157013 Study of Prostate Cancer Screening and Mortality in Blacks and Whites

Tuesday, November 6, 2007: 2:35 PM

William N. Mkanta, PhD , Epidemiology and Biostatistics, University of Florida, Gainesville, FL
Yassa Ndjakani, MD, MPH , Community Health and Preventive Medicine, Morehouse School of Medicine, Atlanta, GA
Frank Charlie Bandiera , EPIDEMIOLOGY AND BIOSTATISTICS, UNIVERSITY OF FLORIDA, Gainesville, FL
Yongsung Joo, PhD , Epidemiology and Biostatistics, University of Florida, Gainesville, FL
Daniel Blumenthal, MD, MPH , Community Health and Preventive Medicine, Morehouse School of Medicine, Atlanta, GA
Unyime O. Nseyo, MD , Division of Urology, University of Florida Medical School, Gainesville, VA
Nabih Asal, PhD , Epidemiology and Biostatistics, University of Florida, Gainesville, FL
Objectives: Despite recent declines in prostate cancer incidence and mortality, early detection is still a controversial topic; and effectiveness of screening in reducing mortality has not been established. We assessed whether screening with the Prostate Specific Antigen (PSA) and Digital Rectal Examination (DRE) reduce mortality from prostate cancer.

Methods: A case-control study of black and white men (404 cases, 404 controls) in Atlanta and North Florida was completed. Cases were prostate cancer deaths (1998-2001) linked to hospitals of admission prior to death. Hospital controls were age/race frequency-matched to cases. Unadjusted odds ratio and logistic regression tested the association between screening and prostate cancer deaths after controlling for age, race, and co-morbidity.

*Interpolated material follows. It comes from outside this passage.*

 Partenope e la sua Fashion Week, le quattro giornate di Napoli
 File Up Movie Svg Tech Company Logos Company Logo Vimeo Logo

Results: Cases had fewer PSA tests taken (1.73 vs. 3.98, p<0.001). There was no difference in the number of PSA tests among blacks, but white controls had significantly more PSA tests. No racial differences in DRE tests were detected (p=0.414). Mean number of co-morbidity was 10.3 in cases and 2.63 in controls. Odds ratio illustrated that mortality from prostate cancer is 55-57% lower among persons who had DRE and PSA tests. Logistic model showed cases were less likely to receive PSA test (OR=0.65; 95 CI 0.564-0.754). Greater number of co-morbidities increased the odds of death from prostate cancer (OR=1.15; 95% CI 1.106-1.201).

Conclusion: The odds of dying from prostate cancer were lower among persons receiving screening tests. Although more research is required to establish efficacy of the tests, promoting regular screening may reduce deaths associated with prostate cancer.

Learning Objectives:
1. List the type and frequency of screening tests that were used and found to be effective in reducing mortality from prostate cancer. 2. Articulate the procedure used in linking death records with hospital charts and matching cases with controls in a hospital-based case-control study. 3. Articulate the procedures used to calculate unadjusted odds ratios and logistic regression used to test the association between screening and mortality from prostate cancer.

Keywords: Cancer Screening, Public Health Policy

Presenting author's disclosure statement:

Any relevant financial relationships? No
Any institutionally-contracted trials related to this submission?

I agree to comply with the American Public Health Association Conflict of Interest and Commercial Support Guidelines, and to disclose to the participants any off-label or experimental uses of a commercial product or service discussed in my presentation.